In families with a strong history of breast cancer, women who inherit a defective version of the gene run about an 80 percent lifetime risk of the disease.
The gene is called BRCA2, and it follows the identification of BRCA1 last year. Together, the genes account for perhaps 90 percent of breast cancers from inherited susceptibility, with BRCA2 responsible for maybe 40 percent.
Last year, scientists announced that they had narrowed the search for BRCA2 to a small area of chromosome 13. The new study says researchers have captured a chunk of the gene itself.
The work is reported in today’s issue of the journal Nature by Dr. Michael Stratton of the Institute of Cancer Research in Surrey, England, P. Andrew Futreal of the Duke University Medical Center in Durham, N.C., and others. The paper has 38 authors from six countries.
And in another development Wednesday, Myriad Genetics Inc. of Salt Lake City announced that its scientists have recovered the entire BRCA2 gene. The company said it plans to use it in combination with BRCA1 to develop a test for predisposition to hereditary breast cancer.
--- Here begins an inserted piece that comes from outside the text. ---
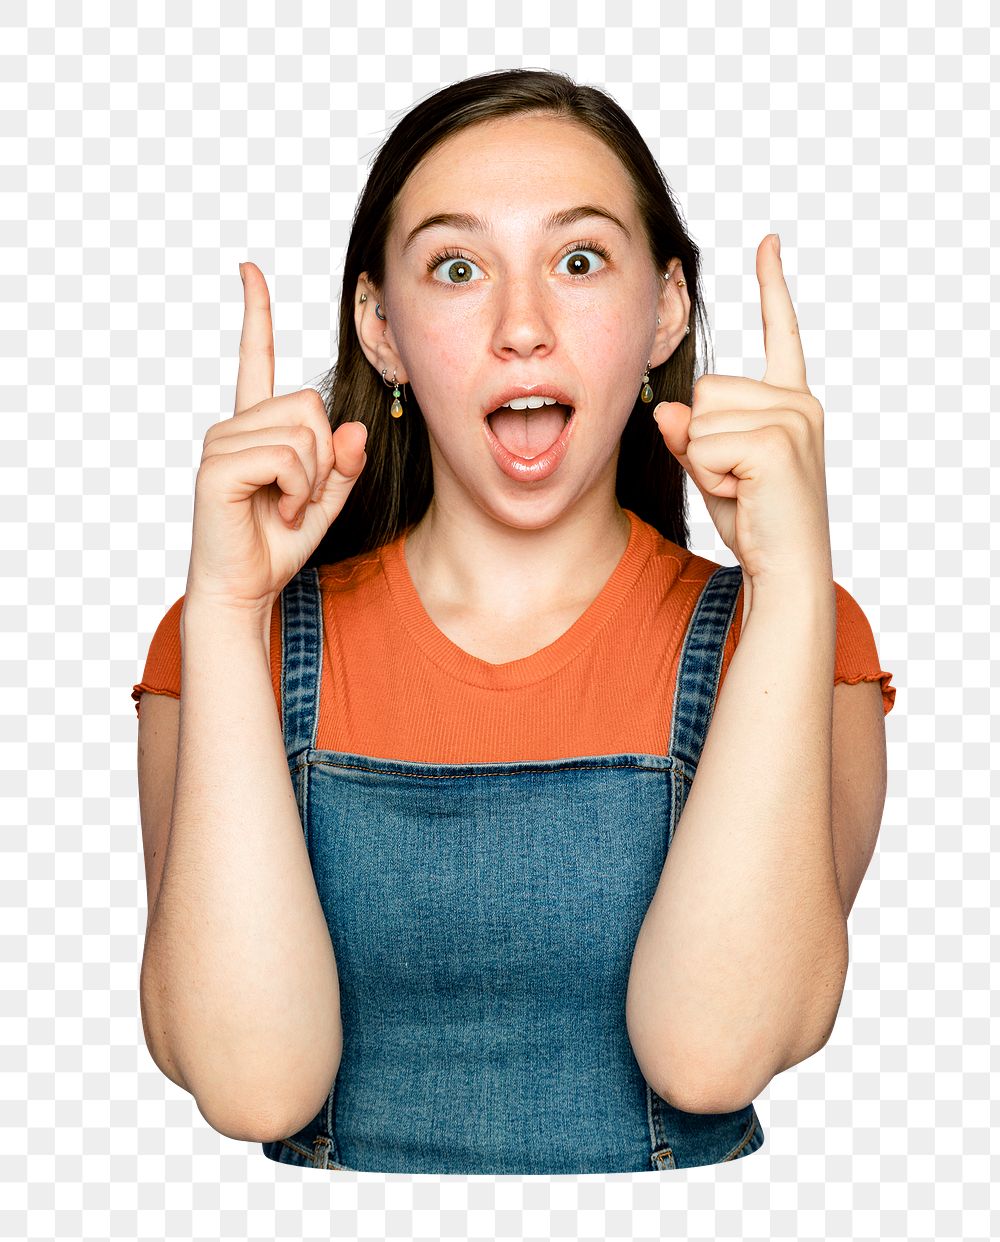 Surprised woman png sticker, transparent background

Only about 5 percent to 10 percent of breast cancer cases are thought to come from inheriting a faulty gene. The cause of the vast majority of cases of breast cancer is not known, although scientists are investigating possible hormonal and other triggers.
Scientists hope studying inherited breast cancer genes will teach them about the basic biology of breast cancer, which could someday pay off with new treatments and ways to prevent the disease.
More immediately, the finding will let members of the relatively few families affected by BRCA2 find out if they carry the gene, which also raises the risk of breast cancer in men. But the researchers who wrote the report in Nature said it’s too soon to start testing the general population for the presence of a defective BRCA2 gene.